Второй мой визитер-уголовник был "поставщиком двора" — он носил мне дрова, и эта вязанка была самым крупным расходом в моем ежедневном бюджете. Но я была довольна аккуратностью поставщика и не торговалась с ним. Наоборот, еще делала ему ценные подарки, например подарила деревянную ложку и жестяную миску. Он прослезился от умиления, оттого, что я догадалась: ведь и впрямь не из чего ему похлебать варева, ежели попадется. Нередко я даже угощала его супом и кашей. Он садился прямо на порог, хлебал алчно, забывая про ложку, прямо через край, и уходил, осыпая меня благодарностями. Иногда глядя на его доверчиво устремленные на меня глаза, я даже ощущала какие-то смутные угрызения совести за то, что в течение всего своего долгого лагерного пути всегда испытывала к уголовным только отвращение. Ведь вот разные же есть и среди них. Разве вот этот может сделать мне что-нибудь злое?
Но вот однажды в детском саду срочно потребовался сульфидин для заболевшего ребенка. На медпункте сульфидина не было, но он был у меня дома. И я срочно побежала за лекарством домой в необычное, неурочное время.
Ключ почему-то застрял в скважине и не поворачивался ни туда, ни сюда. Досадливо мучаясь около двери, я вдруг неожиданно спиной почувствовала подстерегающую меня опасность. Оглянулась — и застыла от ужаса. За моей спиной стоял с поднятой рукой с занесенным над моей головой тяжеленным поленом мой поставщик двора, мой дровяной доходяга. Еще секунда — и я упала бы, оглушенная ударом.
Я с криком оттолкнула его и пустилась вниз по лестнице, зовя на помощь. Но прежде чем прибежали люди, мой доверчивый приятель успел скрыться.
— Как его фамилия? Или хоть имя? — допытывался Антон этим вечером.
Но я не знала. Только живописала особые приметы. Тонкий синий нос чайничком. Прихрамывает.
— Это Киселев, — безапелляционно решил Антон. Ведь он постоянно лечил и "комиссовал" всех уголовных. — Иду чинить суд и расправу.
Напрасно я его просила пренебречь этим делом. Второй раз он уже не полезет, этот Киселев... Но Антон твердо держался своего принципа в общении с уголовниками. А принцип был такой: по начальству никогда не жаловаться, но не пропускать безнаказанно ни одной наглой выходки.
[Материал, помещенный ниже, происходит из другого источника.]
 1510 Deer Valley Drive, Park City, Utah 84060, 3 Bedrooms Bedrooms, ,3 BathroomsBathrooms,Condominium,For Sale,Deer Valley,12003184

— Отлуплю самолично, — пообещал Антон. И это были не пустые слова. Кулаки у доктора были пудовые. Видно, эти железные лапы достались ему в наследство от нескольких поколений гроссбауэров. А интеллигентность профиля — от единственного затесавшегося в родню не то химика, не то алхимика.
На другой день доктор шумно ввалился в прихожую детсада, волоча за собой избитого доходягу.
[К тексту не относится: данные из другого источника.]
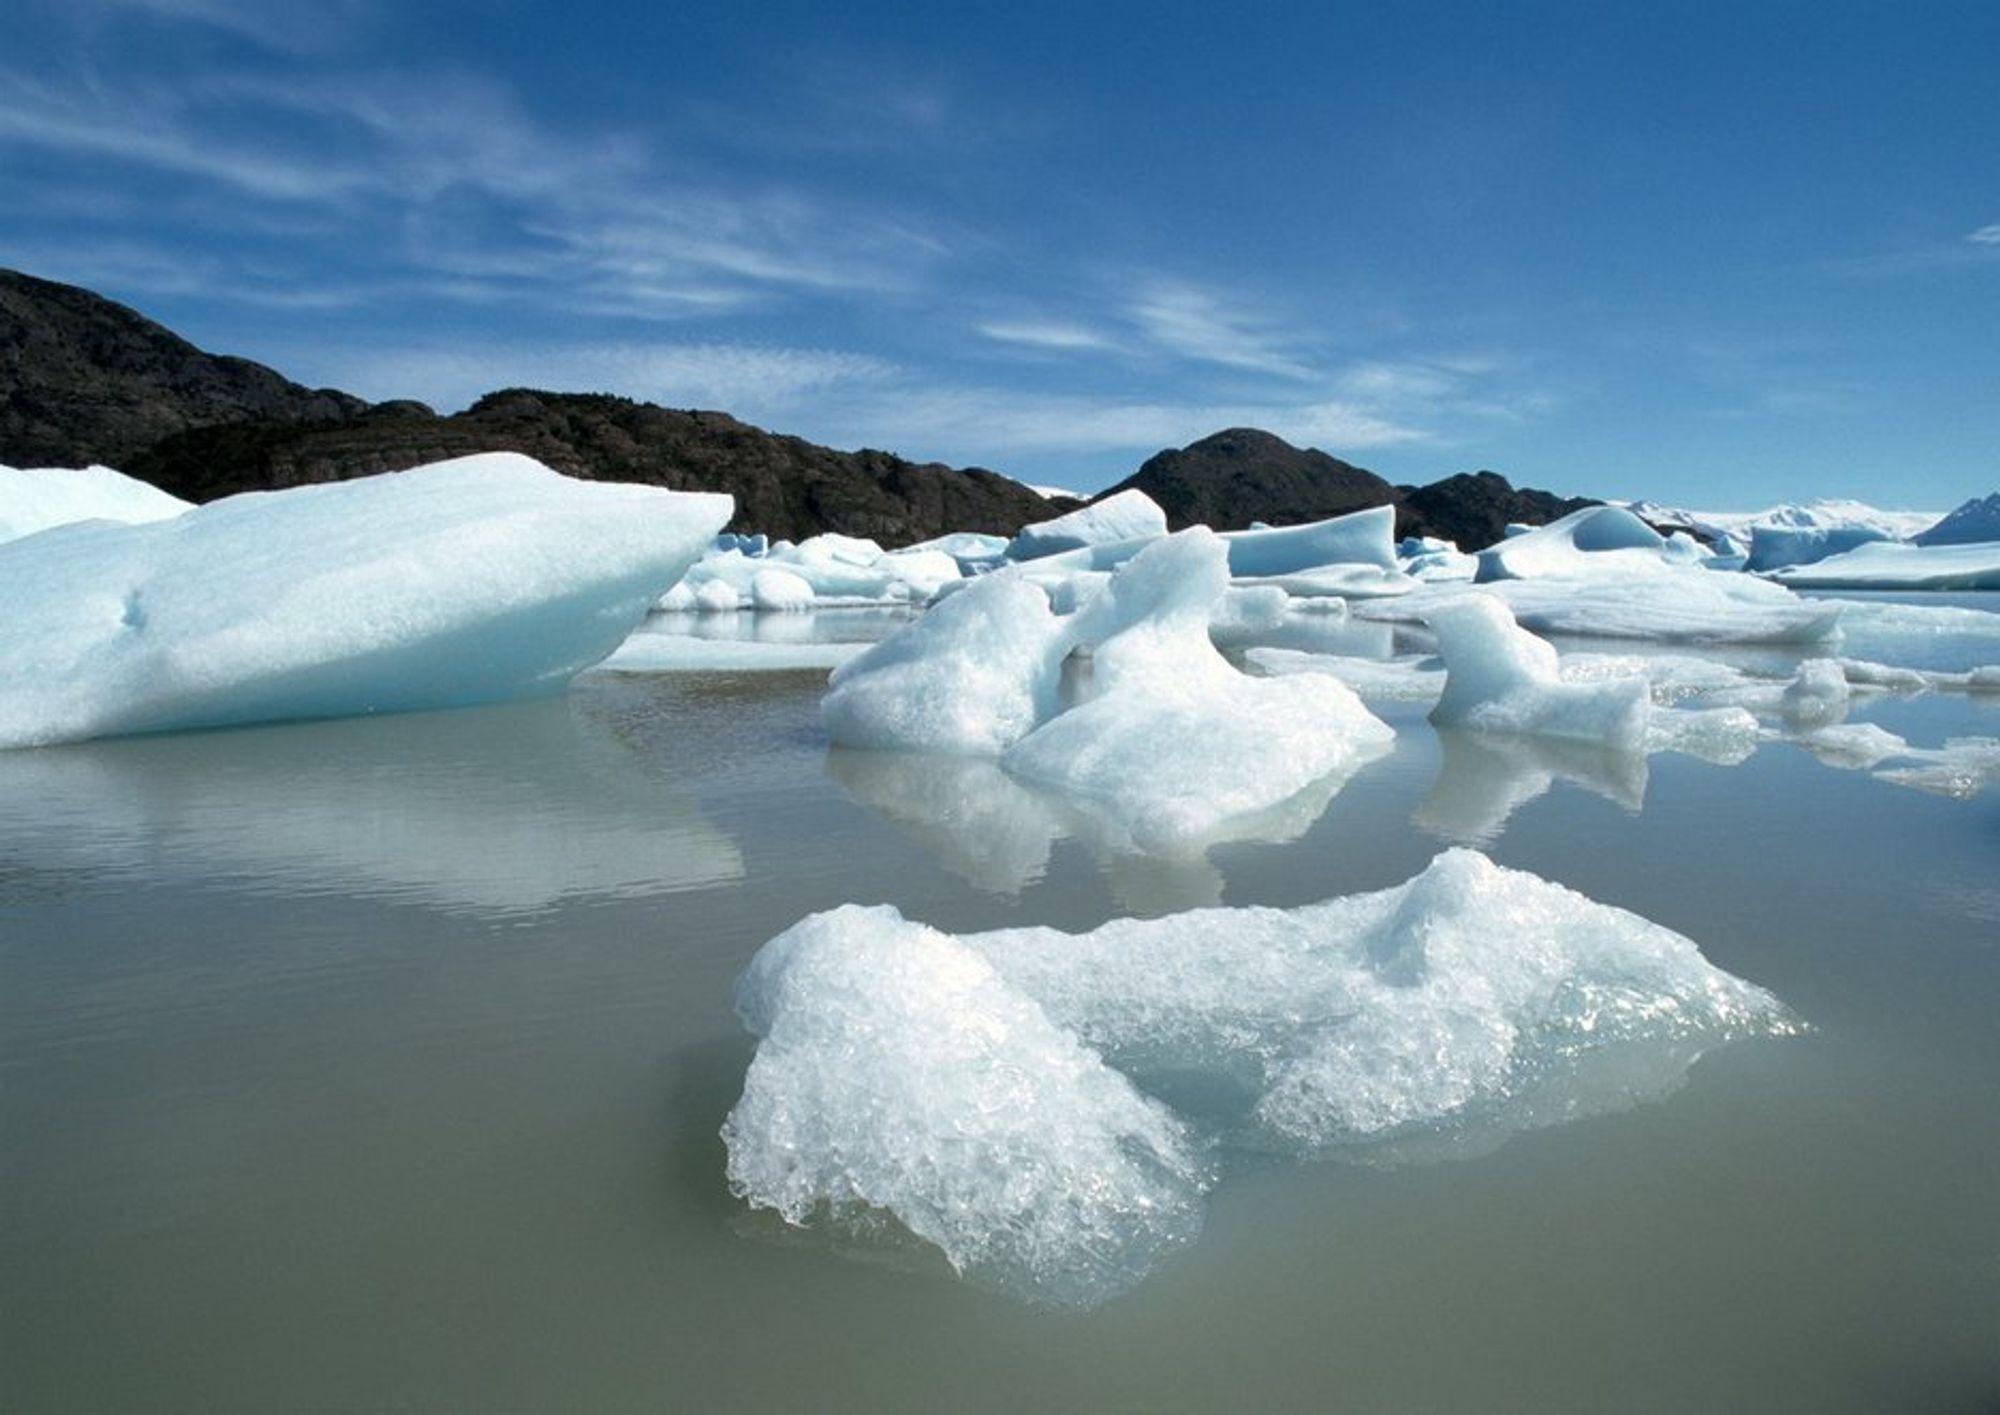 Norge kan bli best i verden på klimavennlig teknologi, mener Norsk Klimastiftelse.

— Этот? — громовым голосом вопрошал доктор, держа свою жертву за шиворот.
— Н-н-нет, — сказала я сперва нерешительно, а услыхав голос подсудимого, уже с ужасом: — Определенно не тот!
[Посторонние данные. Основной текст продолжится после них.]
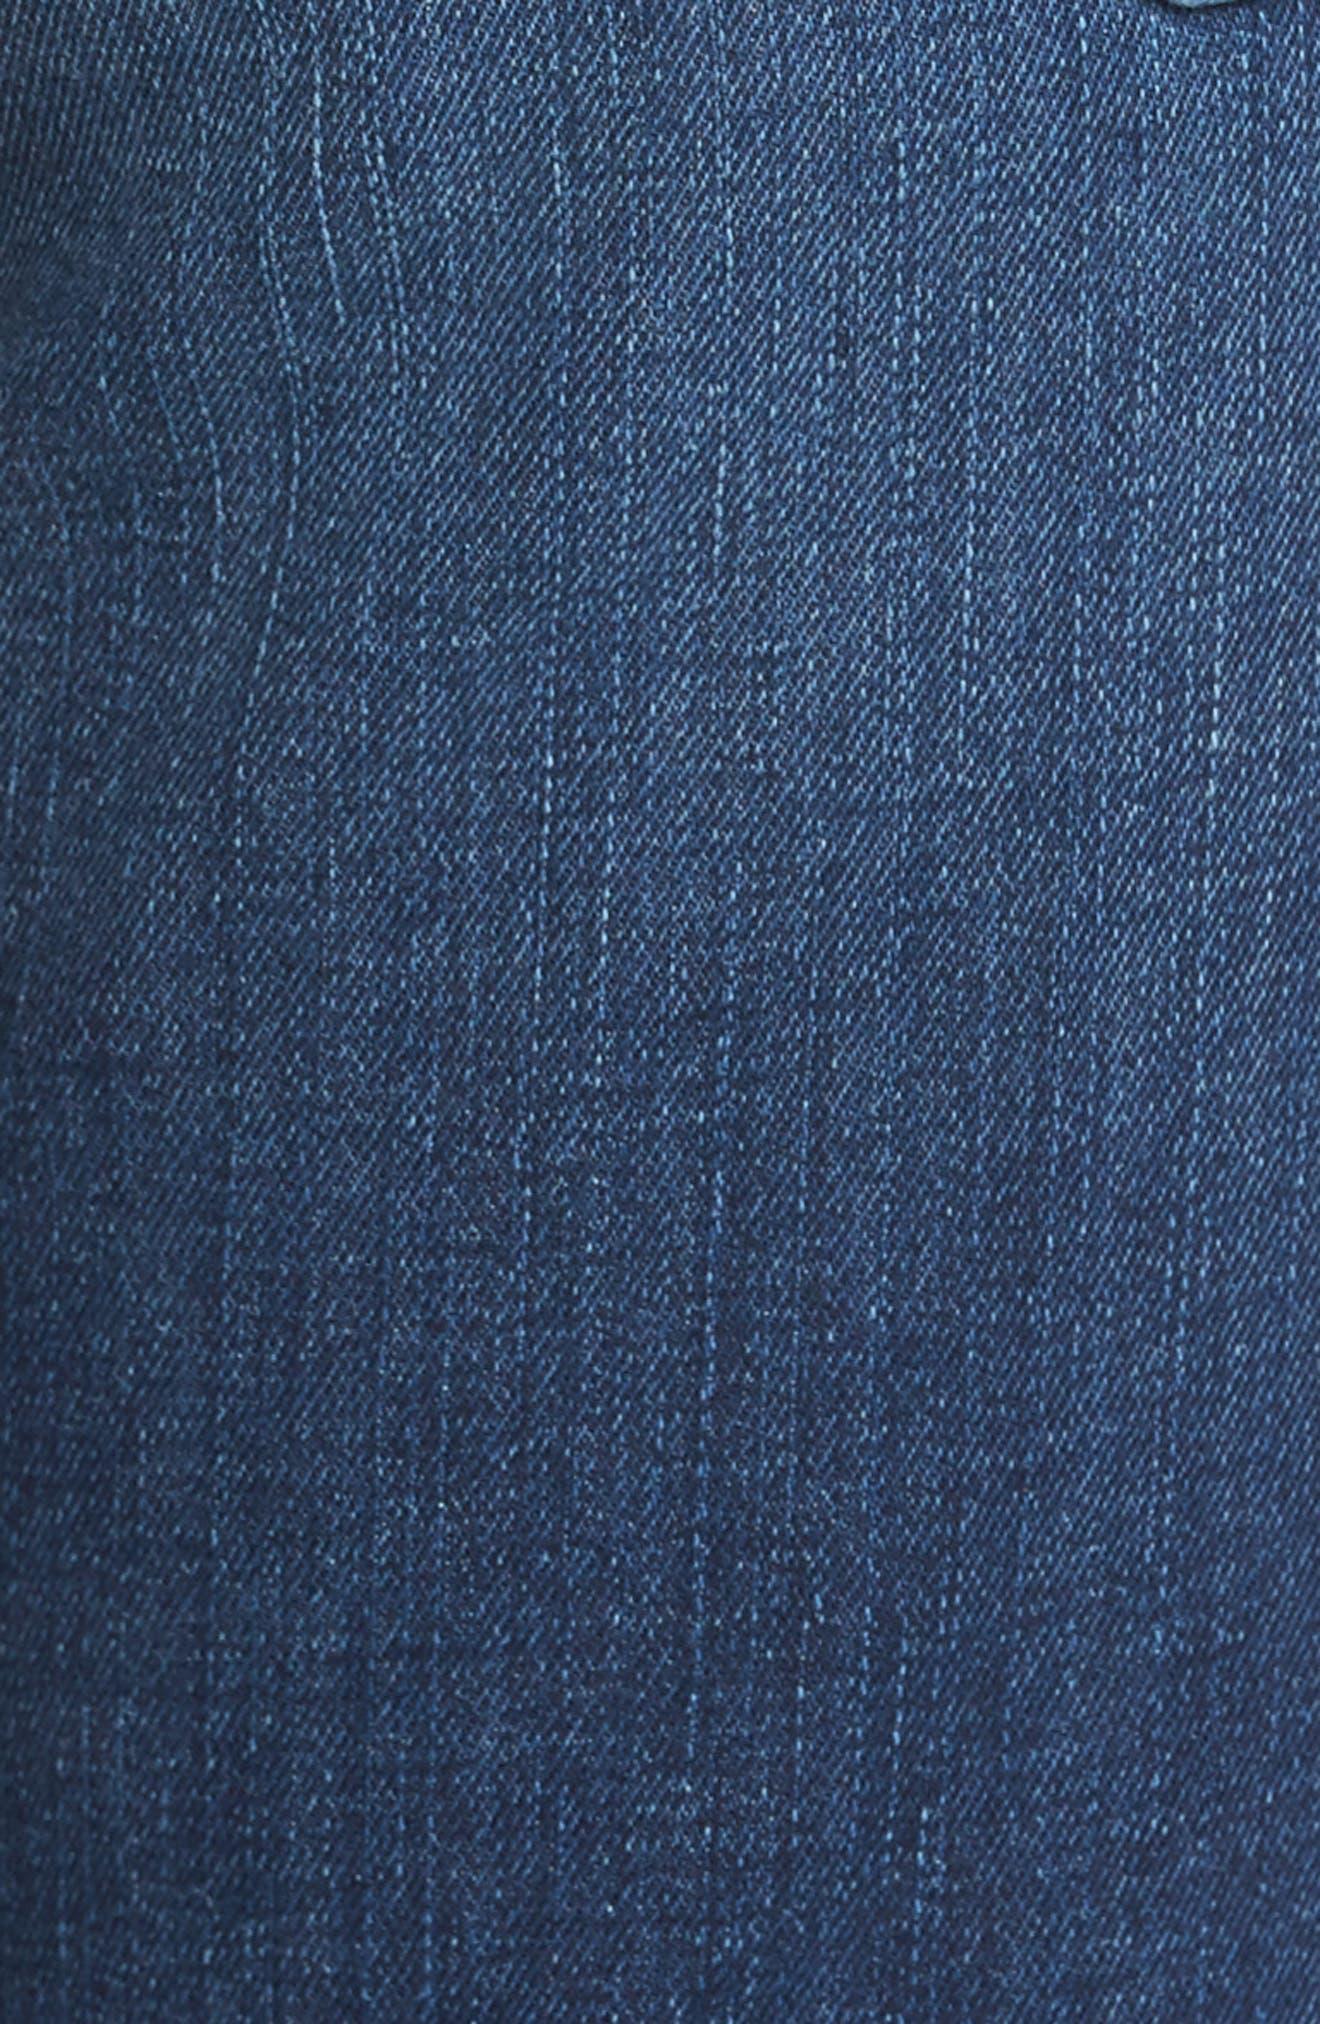 Coco Curvy Straight Leg Jeans,                             Alternate thumbnail 5, color,                             405

— Ды Господи! — зарыдал невинно наказанный, сморкаясь в меховую ушанку. — За что лупите, Антон Яковлич? Подлец буду — не я! Свободы не видать! Это Топорков...
— Что ж ты говорила "нос чайником"? — раздражался Антон, перекладывая свою судебную ошибку на меня. — Ну ладно, не беда! Рассчитаемся и с Топорковым... А тебя, Киселев, зато сактируем, и поплывешь на материк...
Он сдержал свое обещание. После расправы с Топорковым оба голубчика были "актированы". Это были типичные представители колымского племени "шакалов". Они уже еле держались на ногах от истощения, но неуклонно воровали, а при случае не зарекались и от мокрого дела. Теперь исполнялась заветная мечта обоих: по состоянию здоровья оба подлежали отправке из тайги сначала в Магадан, а затем и на вожделенный материк. Перед отъездом оба заходили прощаться и очень благодарили доктора за науку, а главным образом, за актировку.
Из чистосердечного признания Топоркова выяснилось, что в соблазн его ввела моя ватная подушка в наволочке, сшитой из четырех накомарников. Уж больно ему захотелось поспать на мягоньком.
После этого происшествия Антон задался целью сменить квартиру. И вскоре он перевез меня в благоустроенный домик, где жил экономист пищекомбината Яроцкий. Он отбыл свои восемь лет и теперь жил как вольнонаемный, по-семейному, выписал с материка жену с дочкой.